[Extracted data entries]
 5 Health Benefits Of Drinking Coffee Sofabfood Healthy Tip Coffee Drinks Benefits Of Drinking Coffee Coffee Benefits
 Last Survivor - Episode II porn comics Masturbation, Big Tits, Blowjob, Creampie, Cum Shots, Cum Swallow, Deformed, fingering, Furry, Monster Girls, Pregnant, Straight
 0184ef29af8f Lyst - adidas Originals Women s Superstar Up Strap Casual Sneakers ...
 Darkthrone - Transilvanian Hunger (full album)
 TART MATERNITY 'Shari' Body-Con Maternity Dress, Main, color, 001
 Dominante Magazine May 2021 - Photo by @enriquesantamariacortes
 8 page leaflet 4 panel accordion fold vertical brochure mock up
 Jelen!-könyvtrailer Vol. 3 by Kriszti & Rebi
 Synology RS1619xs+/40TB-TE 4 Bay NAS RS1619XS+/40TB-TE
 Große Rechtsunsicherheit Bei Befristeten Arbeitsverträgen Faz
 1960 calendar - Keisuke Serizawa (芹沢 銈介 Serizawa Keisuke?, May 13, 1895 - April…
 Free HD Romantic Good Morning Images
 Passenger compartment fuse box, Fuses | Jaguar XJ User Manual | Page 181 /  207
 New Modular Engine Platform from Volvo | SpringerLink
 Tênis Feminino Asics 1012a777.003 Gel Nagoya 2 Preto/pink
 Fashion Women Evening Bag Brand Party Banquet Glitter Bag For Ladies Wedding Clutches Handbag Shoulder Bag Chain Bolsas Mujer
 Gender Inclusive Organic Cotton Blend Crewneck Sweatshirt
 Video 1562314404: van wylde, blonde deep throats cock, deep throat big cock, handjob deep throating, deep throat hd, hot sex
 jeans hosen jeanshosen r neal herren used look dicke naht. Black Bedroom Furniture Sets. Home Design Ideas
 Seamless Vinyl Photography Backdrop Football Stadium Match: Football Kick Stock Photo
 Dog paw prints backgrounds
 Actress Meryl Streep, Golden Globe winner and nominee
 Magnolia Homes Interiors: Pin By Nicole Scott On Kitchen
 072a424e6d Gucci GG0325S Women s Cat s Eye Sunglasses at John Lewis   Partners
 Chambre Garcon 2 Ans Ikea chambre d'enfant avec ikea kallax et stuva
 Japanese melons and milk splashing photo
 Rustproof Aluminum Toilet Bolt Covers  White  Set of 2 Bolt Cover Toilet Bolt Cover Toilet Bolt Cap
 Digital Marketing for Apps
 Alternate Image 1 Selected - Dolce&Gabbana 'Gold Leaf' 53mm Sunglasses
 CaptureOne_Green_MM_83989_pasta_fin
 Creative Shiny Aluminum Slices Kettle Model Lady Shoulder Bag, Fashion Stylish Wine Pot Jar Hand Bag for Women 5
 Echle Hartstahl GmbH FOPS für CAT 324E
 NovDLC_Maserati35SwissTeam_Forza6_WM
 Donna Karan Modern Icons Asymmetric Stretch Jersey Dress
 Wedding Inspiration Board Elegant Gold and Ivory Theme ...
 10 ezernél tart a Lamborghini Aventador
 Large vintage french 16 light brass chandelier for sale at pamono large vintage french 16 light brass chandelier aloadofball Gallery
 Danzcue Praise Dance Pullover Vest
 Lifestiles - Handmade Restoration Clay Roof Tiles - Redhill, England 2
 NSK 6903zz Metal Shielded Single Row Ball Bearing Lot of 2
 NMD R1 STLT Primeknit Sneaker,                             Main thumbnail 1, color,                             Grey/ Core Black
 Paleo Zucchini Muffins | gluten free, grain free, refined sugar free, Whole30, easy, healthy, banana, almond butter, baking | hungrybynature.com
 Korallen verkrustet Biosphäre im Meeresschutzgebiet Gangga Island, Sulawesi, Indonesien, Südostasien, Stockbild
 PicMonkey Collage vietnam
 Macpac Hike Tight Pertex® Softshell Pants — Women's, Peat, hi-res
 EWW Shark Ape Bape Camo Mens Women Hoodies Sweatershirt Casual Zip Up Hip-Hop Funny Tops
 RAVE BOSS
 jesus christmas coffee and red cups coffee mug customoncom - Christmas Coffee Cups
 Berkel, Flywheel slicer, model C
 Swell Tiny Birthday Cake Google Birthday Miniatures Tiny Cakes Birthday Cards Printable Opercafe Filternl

Activity: When you reach the line holding "Large vintage french 16 light brass chandelier for" in the records above, begin reproducing exactly, stop after the line holding "NMD R1 STLT", and output nothing else.

Reply:
 Large vintage french 16 light brass chandelier for sale at pamono large vintage french 16 light brass chandelier aloadofball Gallery
 Danzcue Praise Dance Pullover Vest
 Lifestiles - Handmade Restoration Clay Roof Tiles - Redhill, England 2
 NSK 6903zz Metal Shielded Single Row Ball Bearing Lot of 2
 NMD R1 STLT Primeknit Sneaker,                             Main thumbnail 1, color,                             Grey/ Core Black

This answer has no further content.